2

I've got two arrays:

  • data of shape (2466, 2498, 9), where the dimensions are (asset, date, returns).
  • correlation_matrix of shape (2466, 2466) (with 0's on the diagonal)

I want to get the dot product that equates to the expected returns, which is the returns of each asset multiplied by the correlation_matrix. It should give a shape the same as data.

I've tried:

data.transpose([1, 2, 0]) @ correlation_matrix

but this just hangs my PC (been going 10 minutes and counting).

I also tried:

np.einsum('ijk,lm->ijk', data, correlation_matrix)
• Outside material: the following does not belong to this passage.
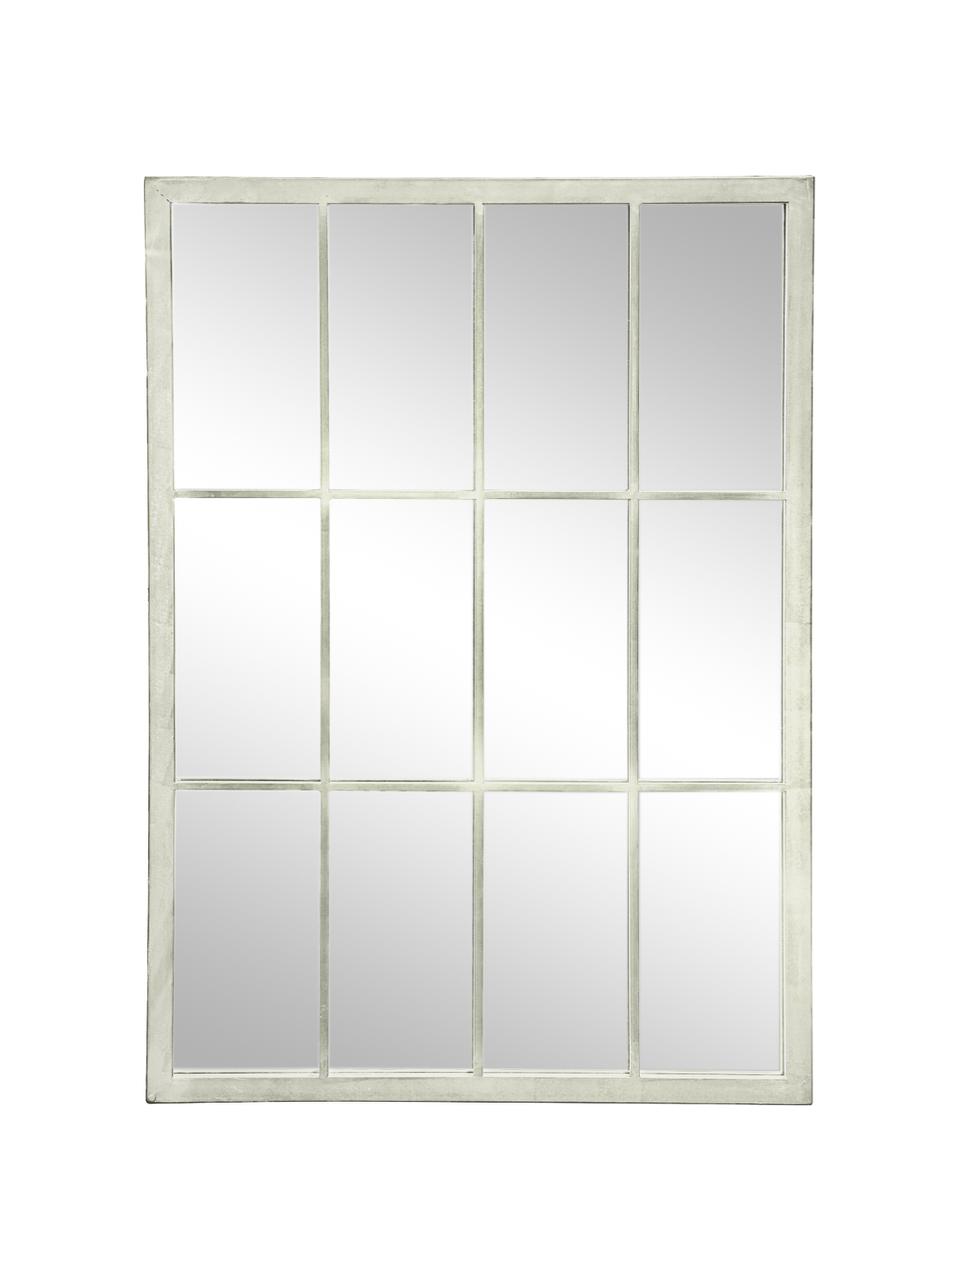 Eckiger Wandspiegel Zanetti mit weißem Metallrahmen, Rahmen: Metall, lackiert, Spiegelfläche: Spiegelglas, Weiß, B 50 x H 70 cm

but I'm less familiar with einsum, and this also hangs.

What am I doing wrong?

4
  • Think you can just do data*correlation_matrix.sum(), assuming your einsum works. Commented Jun 25, 2020 at 18:34
  • 2
    If things are hanging or taking too long, step back and test something smaller. Make sure the code is doing what you want with small arrays before stressing memory with something large. Commented Jun 25, 2020 at 18:39
  • Your einsum just sums all values of correlation_matrix and multiplies data by the resulting scalar. That probably not what you want. Commented Jun 25, 2020 at 22:16
  • Have you looked at your task manager or htop to see if your computer has enough RAM to do the operation without SWAPing to secondary memory (hard drive)? Commented Apr 27, 2024 at 20:57

2 Answers 2

3

With your .transpose((1, 2, 0)) data, the correct form is:

"ijs,sk"  # -> ijk

Since for a tensor A and B, we can write:

C_{ijk} = Σ_s A_{ijs} * B_{sk}

If you want to avoid transposing your data beforehand, you can just permute the indices:

"sij,sk"  # -> ijk

To verify:

p, q, r = 2466, 2498, 9

a = np.random.randint(255, size=(p, q, r))
b = np.random.randint(255, size=(p, p))

c1 = a.transpose((1, 2, 0)) @ b
c2 = np.einsum("sij,sk", a, b)

>>> np.all(c1 == c2)
True

The amount of multiplications needed to compute this for (p, q, r) shaped data is p * np.prod(c.shape) == p * (q * r * p) == p**2 * q * r. In your case, that is 136_716_549_192 multiplications. You also need approximately the same number of additions, so that gives us somewhere close to 270 billion operations. If you want more speed, you could consider using a GPU for your computations via cupy.

def with_np():
    p, q, r = 2466, 2498, 9
    a = np.random.randint(255, size=(p, q, r))
    b = np.random.randint(255, size=(p, p))
    c1 = a.transpose((1, 2, 0)) @ b
    c2 = np.einsum("sij,sk", a, b)

def with_cp():
    p, q, r = 2466, 2498, 9
    a = cp.random.randint(255, size=(p, q, r))
    b = cp.random.randint(255, size=(p, p))
    c1 = a.transpose((1, 2, 0)) @ b
    c2 = cp.einsum("sij,sk", a, b)

>>> timeit(with_np, number=1)
513.066

>>> timeit(with_cp, number=1)
0.197

That's a speedup of 2600, including memory allocation, initialization, and CPU/GPU copy times! (A more realistic benchmark would give an even larger speedup.)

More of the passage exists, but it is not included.